I've been a Dish Network customer for years, and before that I was a DirecTV customer. These days I have standard-definition Dish Network equipment with a TiVo DVR box, and in another room I have one of Dish Network's standard-def DVR receivers, as well.

I'll be honest: I don't like Dish's DVR receiver at all. I don't even use the DVR capability. It's annoying - it doesn't even download the programming guide on it's own - It makes me do it when I try to access the guide and it suddenly realizes there's nothing in memory to display. I have no idea who designed Dish Network's receiver software, but I can almost guarantee you it's been the same person(s) since day-one. All their equipment has this unusable "engineer" flavor. Instead I use my TiVo all the time, every day, with the TiVo remote and IR blaster controlling the satellite receiver.

But what I want is High Definition TV all-around. I have a nice high-def projector and I want to do more than playing Counter-Strike and Halo in HD.

Dish Network has a $1000 HD DVR available, but I can't bring myself to risk spending the money on it - every Dish Network receiver I have ever owned (and that's several) has been lacking in the usability department. Maybe they got it right on their new one, but there is no way for me to know. No one I know has one of these units. I can see the potential in it, but past experience scares me too much to pony up that much money. Now, if Dish Network wanted to send me one to try out, they could do that - I'd even review it (objectively) here. But no up-front money any more, not unless I can see it in action. Sorry, Charlie.

So, I have been looking at options to the Dish Network lineup. Probably the most obvious is DirecTV, my long-ago former satellite television service provider. They also have a HD receiver, and this one is a DirecTiVo model, which certainly catches my attention. TiVo's product is solid and ranks high in my one-man usability survey. If I try hard enough, I can probably find a place somewhere in this city to demo the DirecTV product. I will probably try to do that, since I doubt DirecTV will be willing to loan me one to evaluate, either. But if they want to, I'll gladly take them up on the offer.

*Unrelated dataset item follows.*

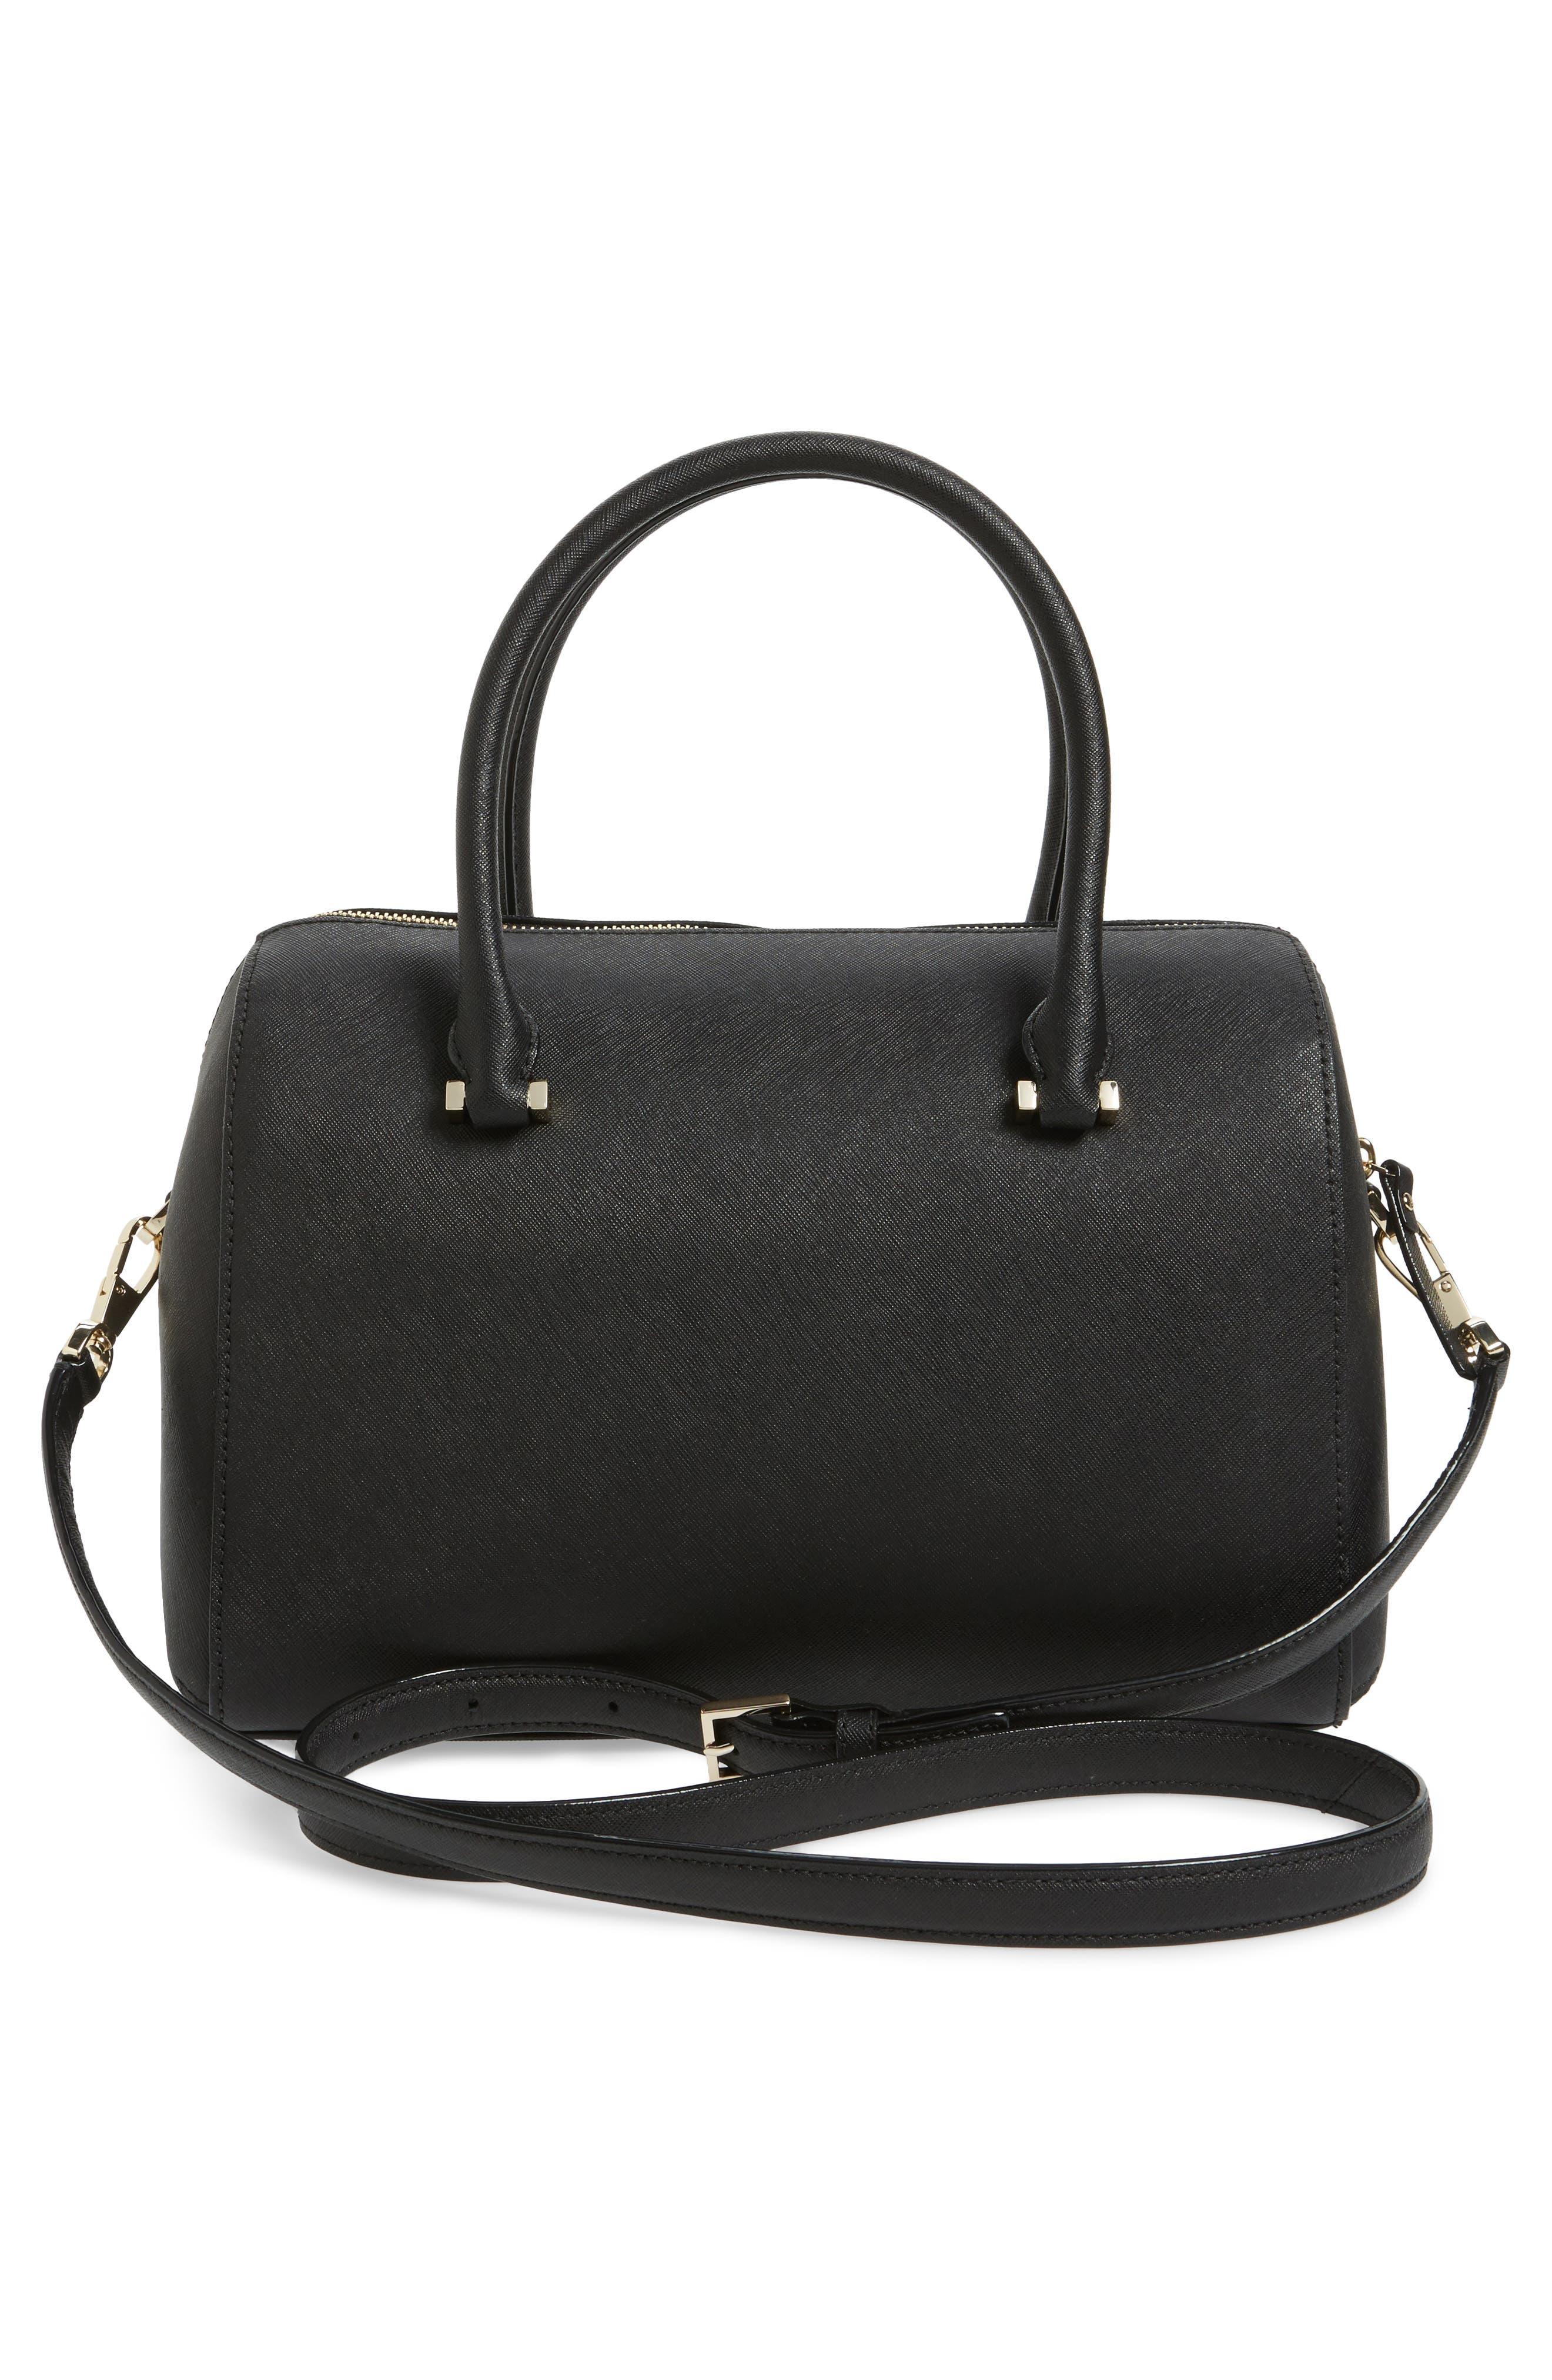 mega cameron street - lane leather satchel,                             Alternate thumbnail 2, color,                             Black

But there's another company that's got my eye, as well. I have been watching a third company, VOOM, for the past several months. I like VOOM and their web site- they even show you on their site what you see on the screen, what the equipment is like, pretty much anything you want to know. Why don't all the companies do that? They also have something that just caught my eye, and which I might even be willing to wait around for - They're prepping a HD-DVR and their "Whole House Solution." This is looking very interesting. Accessing your PC - does this integrate with Windows XP Media Center Edition by chance? Maybe not, and that's a whole different post topic for another day - The only thing that's really missing from XP MCE -- in my not-so-humble opinion -- is high-def support. Anyone know? Hey VOOM - you need a market tester??? :-)

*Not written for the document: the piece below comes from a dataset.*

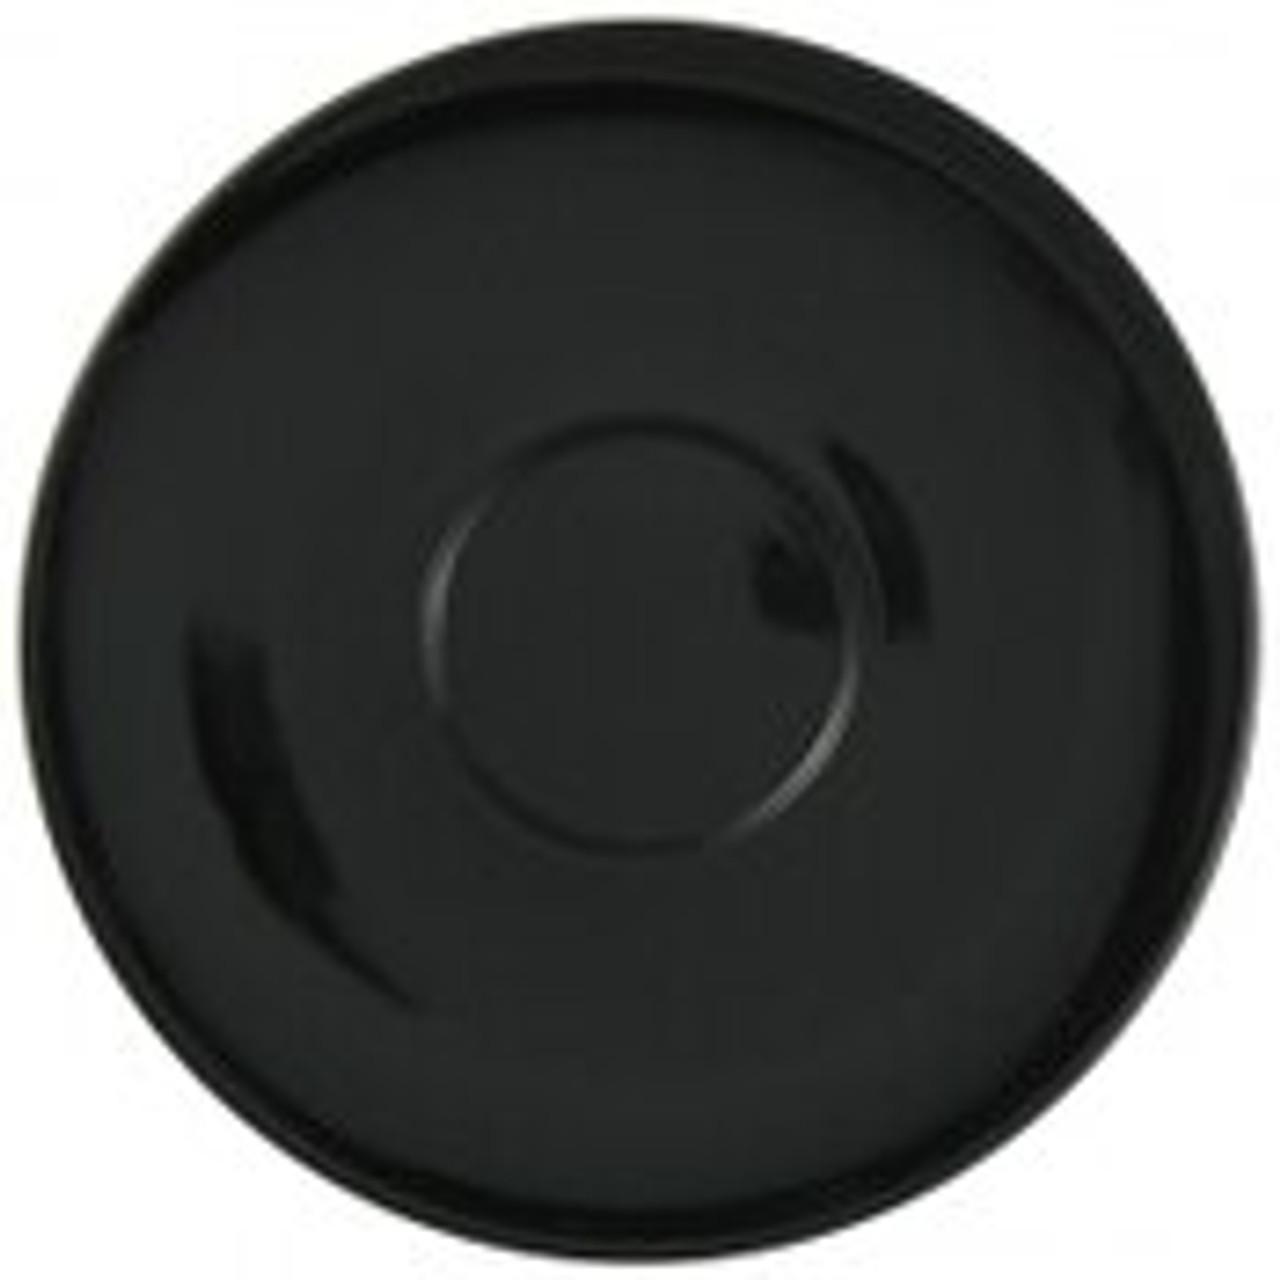 "Revolution Revware Saucer, 4.5"", black"

Ripped unabashedly and directly from the VOOMTM web site and their future-stuff page:

With the introduction of our HD-DVR, you'll be able to watch and record any channel, whenever you want, in both standard and high definition. Every recording is a perfect digital version of the original. The VOOM DVR has multiple tuners, enabling you to record two shows while you’re watching a third! And you can expand the DVR’s usefulness even further with our Whole House Solution.

Our upcoming Whole House Solution extends the power of our DVR throughout your home. With a single click, you can pause live TV and HDTV, then go to another room and pick up where you left off. It also connects your TV and PC entertainment like never before. You can access your PC and enjoy digital music and photos on any TV in the house. That's VOOMing!

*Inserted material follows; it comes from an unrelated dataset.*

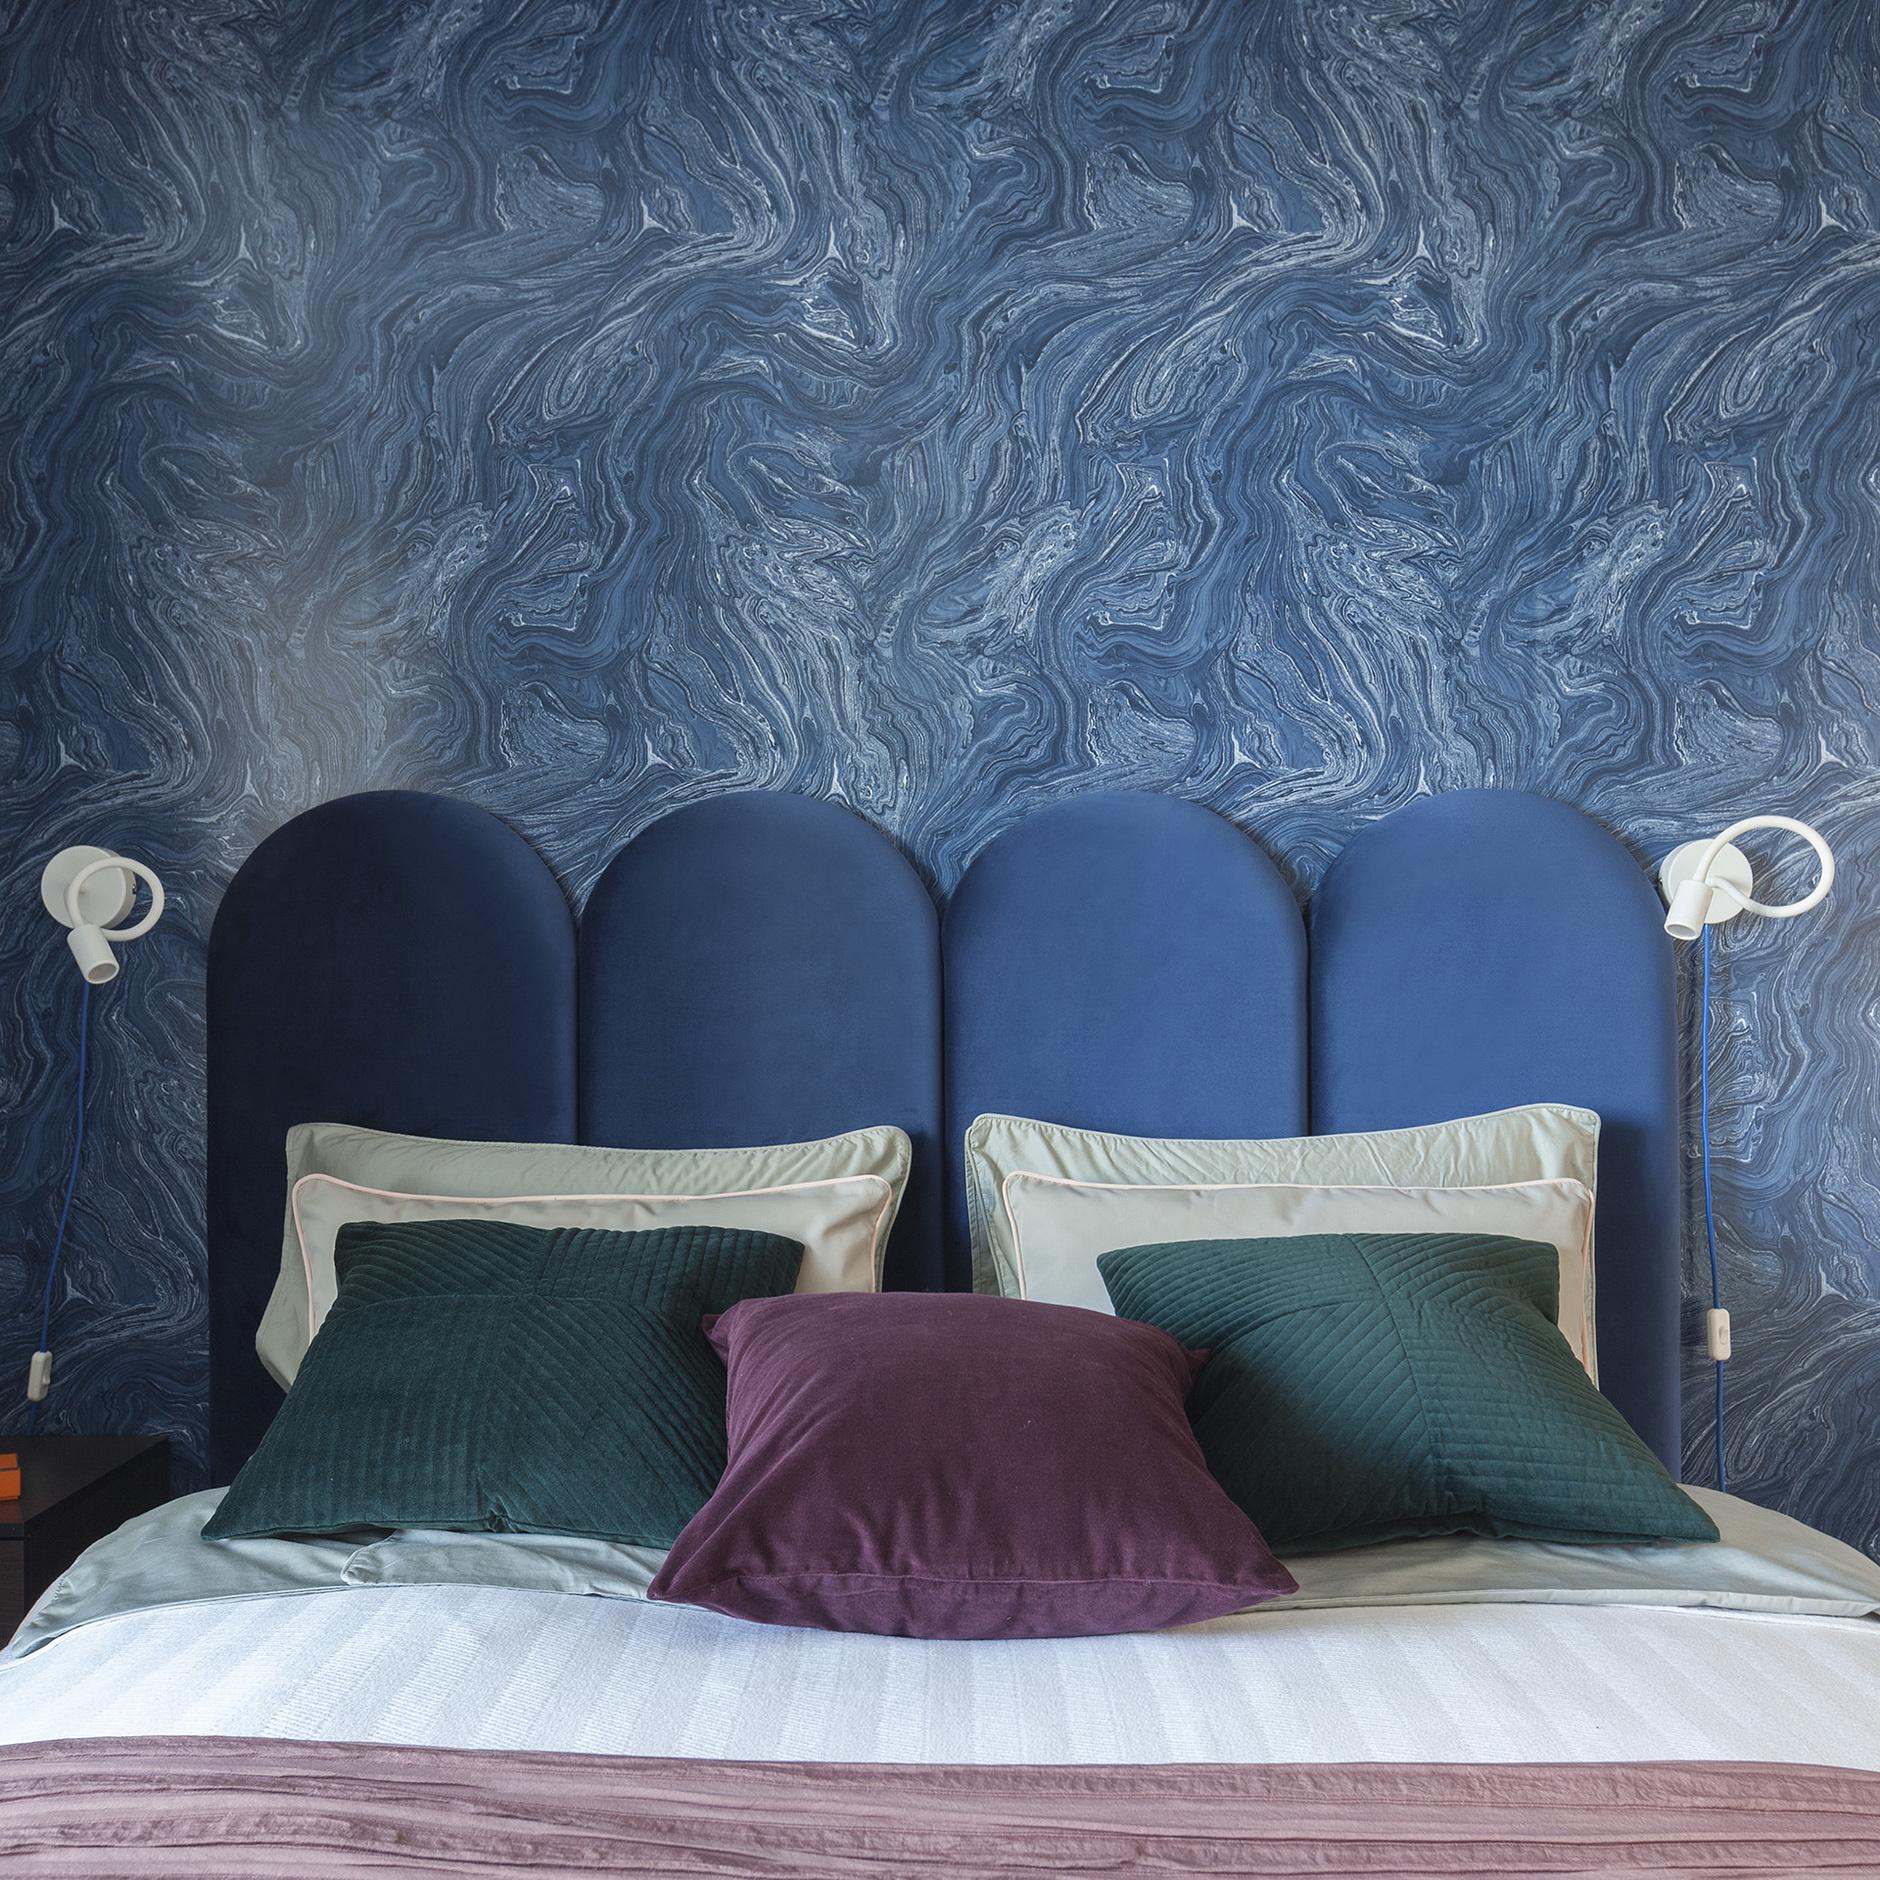 Синие спальни (галерея 0, фото 15)

Obviously, this looks like it has some potential. I've been considering moving to a PC/network-based digital media solution, and Satellite TV in HD is the only way I can take advantage of the video equipment that is presently leveraged only by my X-BOX and DVD home theater systems. I'll be buying something eventually, I just don't know what.

If anyone has any personal experience with any of this new technology. please share your thoughts - We'd like to know!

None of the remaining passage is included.